The presence of ulceration, nodularity, or bleeding should increase attention to malignancy. In particular, clinical findings suggesting an increased risk of progression to squamous cell carcinoma may be recognized as "IDRBEU": I (induration/inflammation), D (diameter & gt; 1 cm), R (rapid magnification), B (hemorrhage), E (erythema) and U (ulceration). AK is usually diagnosed clinically, but because they are difficult to differentiate clinically from squamous cell carcinomas, each associated feature requires a biopsy for diagnostic confirmation.

Maps Actinic keratosis

Cause

The most important cause of AK formation is solar radiation, especially UV-B radiation (wavelength 290-320). UV-B radiation causes the formation of thymine dimers in DNA and RNA, leading to significant cellular mutations. In addition, a recent study has focused on the role of p53 tumor suppressor genes in AK formation. This tumor suppressor gene, located on chromosome 17p132, makes it possible to capture cell cycles when DNA or RNA is damaged. Degradation of p53 pathways can result in uncontrolled proliferation of dysplastic keratinocytes, thus functioning as a source of neoplastic growth and development of AK, as well as possible carcinogenesis. Other molecular markers that have been associated with AK progression include expression of p16 ^ink4 , CD95 ligand, induced-induced ligand (TRAIL) and TNF-related TRAIL receptors, and loss of heterozygosity.
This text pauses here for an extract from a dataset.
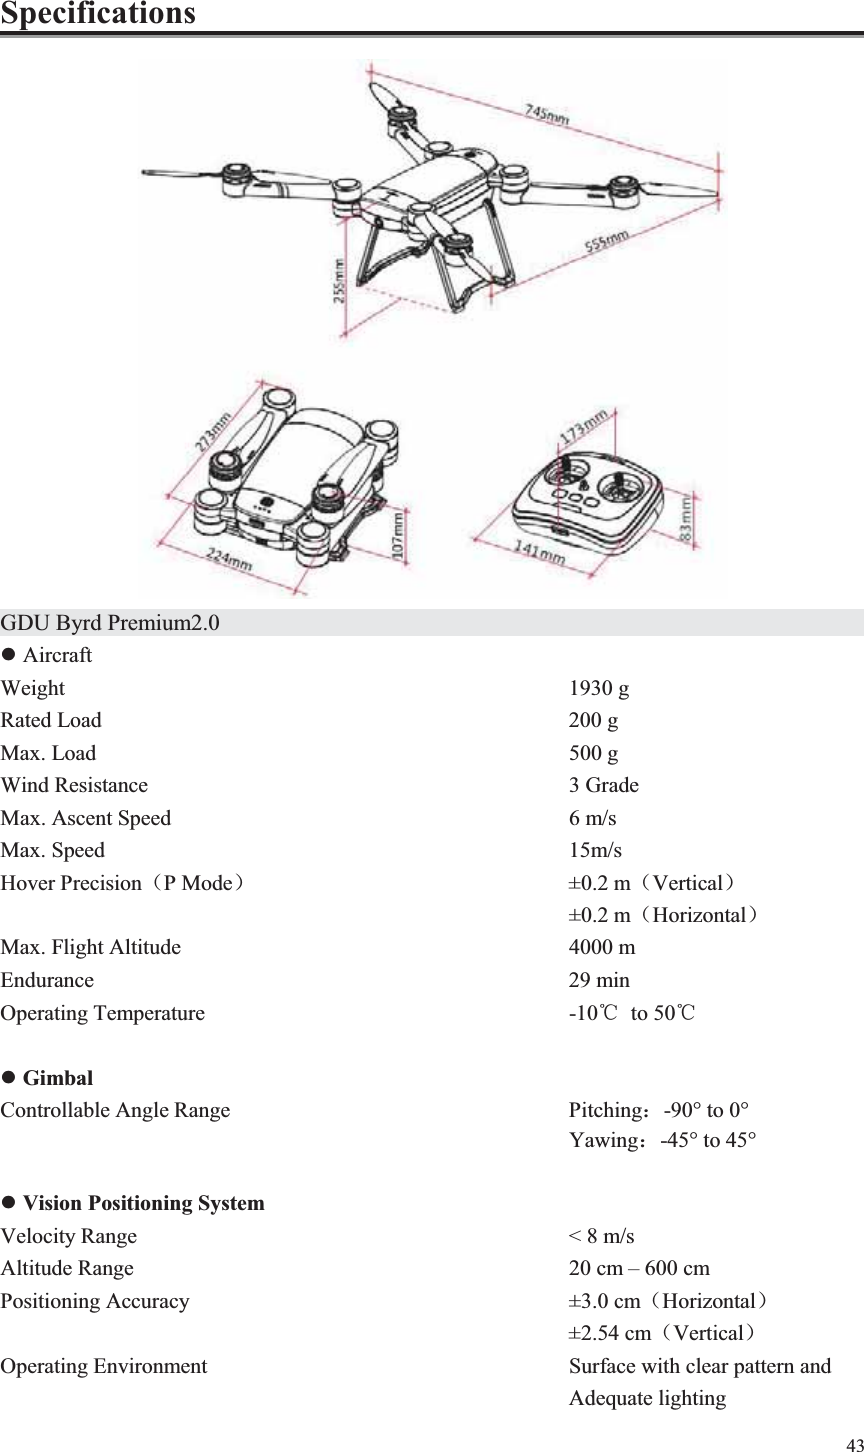 43  Specifications  GDU Byrd Premium2.0                  z Aircraft Weight             1930 g Rated Load           200 g Max. Load           500 g Wind Resistance          3 Grade Max. Ascent Speed          6 m/s Max. Speed           15m/s Hover Precision˄P Mode˅        ±0.2 m˄Vertical˅             ±0.2 m˄Horizontal˅ Max. Flight Altitude          4000 m Endurance                           29 min Operating Temperature         -10ć to 50ć  z Gimbal Controllable Angle Range        Pitching˖-90° to 0°   Yawing˖-45° to 45°  z Vision Positioning System Velocity Range          &lt; 8 m/s Altitude Range           20 cm – 600 cm Positioning Accuracy          ±3.0 cm˄Horizontal˅              ±2.54 cm˄Vertical˅ Operating Environment         Surface with clear pattern and               Adequate lighting

Recent research has shown that human papillomavirus (HPV) may also play a role in the development of AK. The HPV virus has been detected in the AK, with measurable HPV viral load (1 copy of HPV-DNA per less than 50 cells) measured in 40% AK. Similar to UV radiation, higher HPV levels found in AK reflect increased viral DNA replication; is thought to be linked to keratinocyte proliferation and abnormal differentiation in AK that provides a commensal environment for HPV replication. This in turn can further stimulate abnormal proliferation that contributes to the development of AK and carcinogenesis.

AKs are most commonly seen in individuals with bright skin and are usually found on bald individual scalp.

Ultraviolet radiation

It is thought that UV radiation induces mutations in epidermal keratinocytes, promoting the proliferation of the survival of these atypical cells. Finally, this leads to the formation of AK. Specifically, mutations in the p53 tumor suppressor gene have been found in 30-50% of skin samples of AK lesions.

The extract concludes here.